Ван Леберга растущая слабость совсем приковала к постели. В тени близкой смерти он жил, казалось, лишь для того, чтобы дрожать от страха и проклинать всех на свете; семья боялась его, он боялся семьи. Возле себя он терпел только младшую дочь, Марселину, только ей доверял, только ее руками и на ее глазах приготовленную пищу соглашался есть. Марселина, словно милосердная Корделия, бесконечно жалела отца; но тем меньше щадил ее отец: бедная девушка каждый раз выходила из его комнаты с красными от слез глазами и с пульсирующей в висках головной болью.
Страшно было смотреть, как ван Леберг, на глазах превращающийся в развалину, из последних сил цепляется за остатки жизни, угрожает, просит, плачет, унижается, надеясь каким-то чудом добиться милости и спасения от Мамоны.
— Убей меня!.. Видишь же, все этого хотят! Убей меня! — стонал он, изнемогая от боли, и патетически призывал смерть; а в следующий момент опять неистово и отчаянно молил о жизни.
— Марселина, ты добрая девушка, ты мне поможешь… Они хотят убить меня, хотят бросить на погибель, не допусти этого, спаси меня, сделай что-нибудь, я же отец твой, — причитал он, судорожно цепляясь за руку дочери. — Ты же видишь, какие муки терпит твой несчастный отец в преддверии Смерти.
Марселина страдала и плакала, не зная, как быть. Что ей делать? К кому обратиться? Однажды она решилась: узнав адрес Ниведиты — уже несколько месяцев о нем не было никаких вестей, — она, закончив уроки, отправилась к нему и спустя полчаса звонила в дверь большого особняка, где жил азиатский теософ. Ей открыли; в вестибюле на нее смотрели статуи священных обезьян и Будда с широкой улыбкой и нагим животом.
Князя дома не оказалось: на неопределенное время он уехал в Индию, не оставив своего адреса.
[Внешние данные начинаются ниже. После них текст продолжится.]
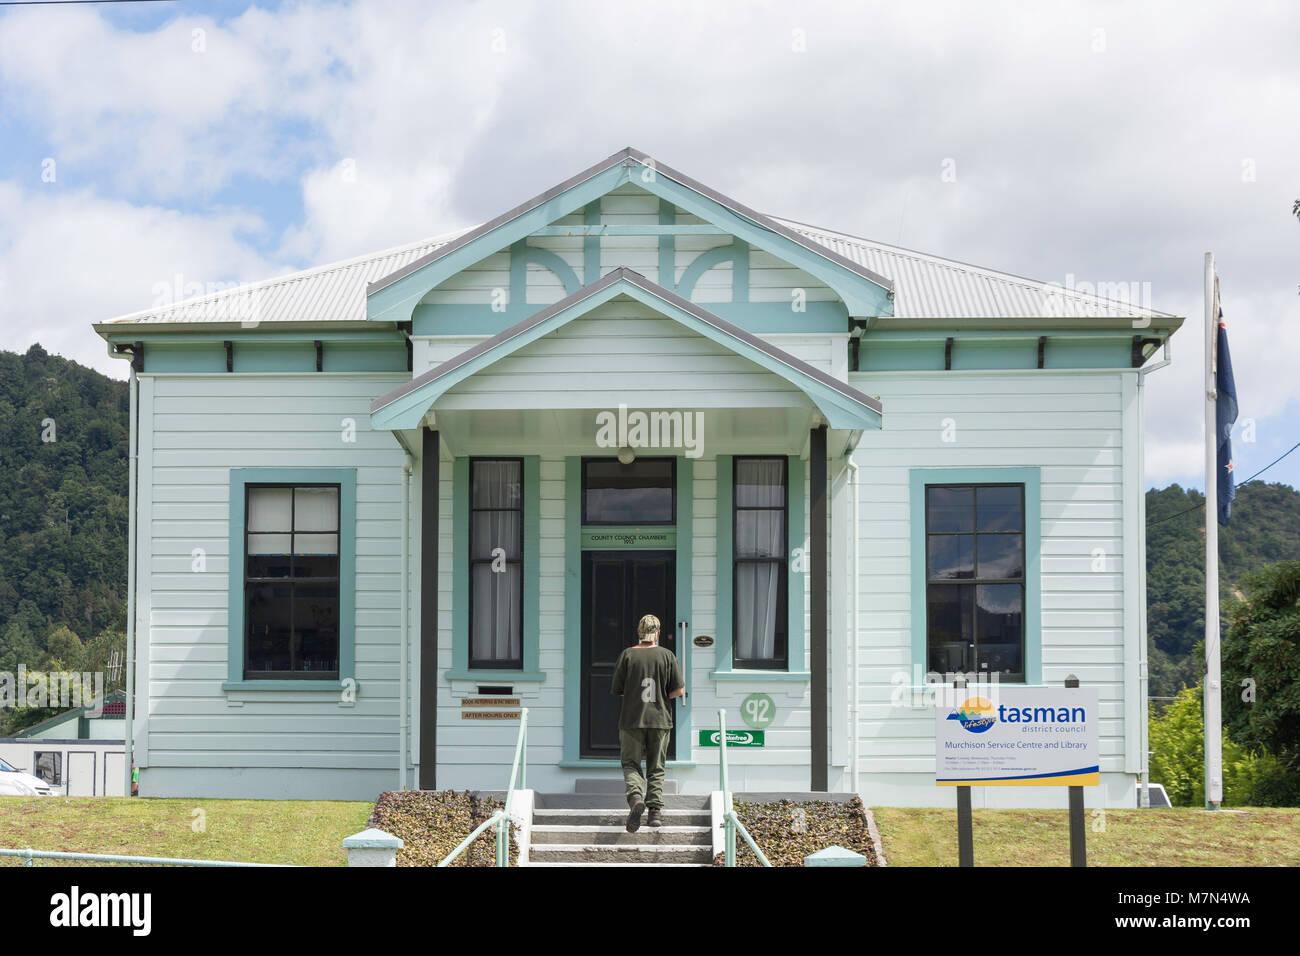 Tasman District Council, Murchison Service Centre and Library, Fairfax Street, Murchison, Tasman Region, New Zealand Stock Photo
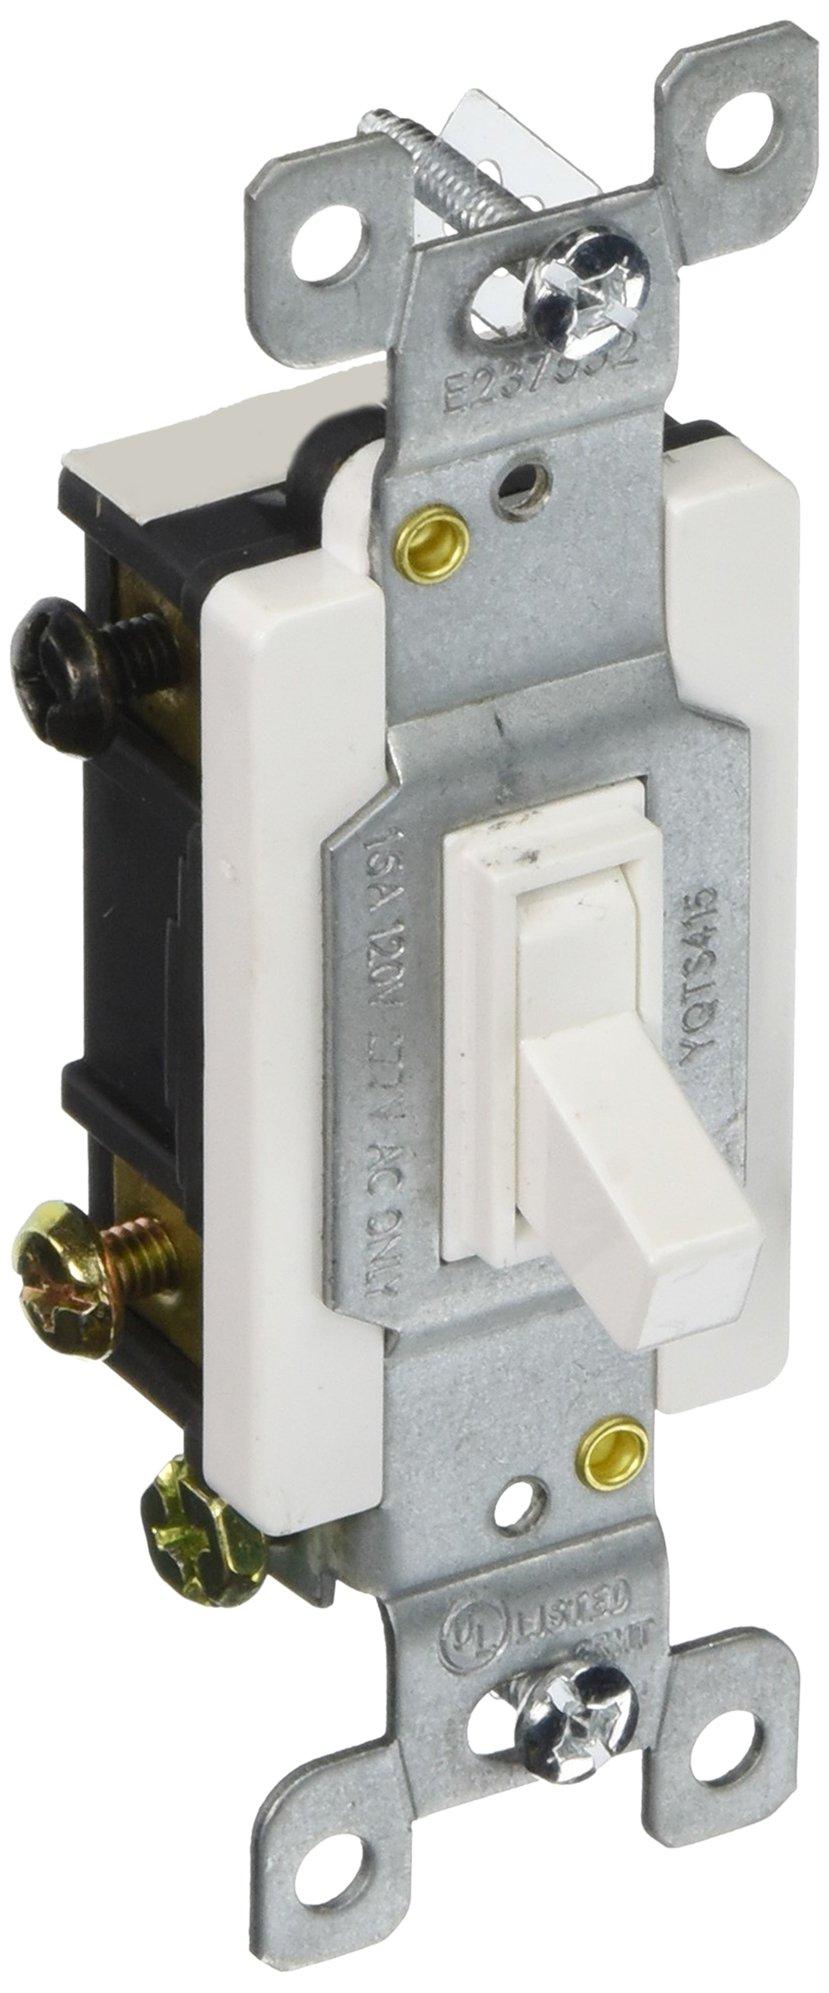 Morris 82041 Toggle Switch, 4 Way, 4 Poles, 120V/277V, 15 Amp Current, White

Итак, последний шанс был утрачен. Марселина с ужасом думала о тех немногих неделях, что оставались до катастрофы. Ван Леберг с этого дня стал еще более невыносимым: то, махнув на все рукой, он рыдал и бессвязно кричал от отчаяния, то внушал себе нелепую мысль, что вся эта суета вокруг — лишь способ его обмануть и что деньги в доме есть, только их спрятали, чтобы не тратить их на спасение его жизни. Ночью он вставал и принимался шарить по всем углам, пока силы не оставляли его и он не падал на пол. Он выдергивал подушку из-под жениной головы: не там ли хранит она деньги? Не найдя ничего, он разражался полубезумными, яростными ругательствами по адресу денег, богачей, общества, всего мира с его ужасающим и жестоким порядком вещей; бывший консервативный писатель выкрикивал, стеная и плача, революционные лозунги.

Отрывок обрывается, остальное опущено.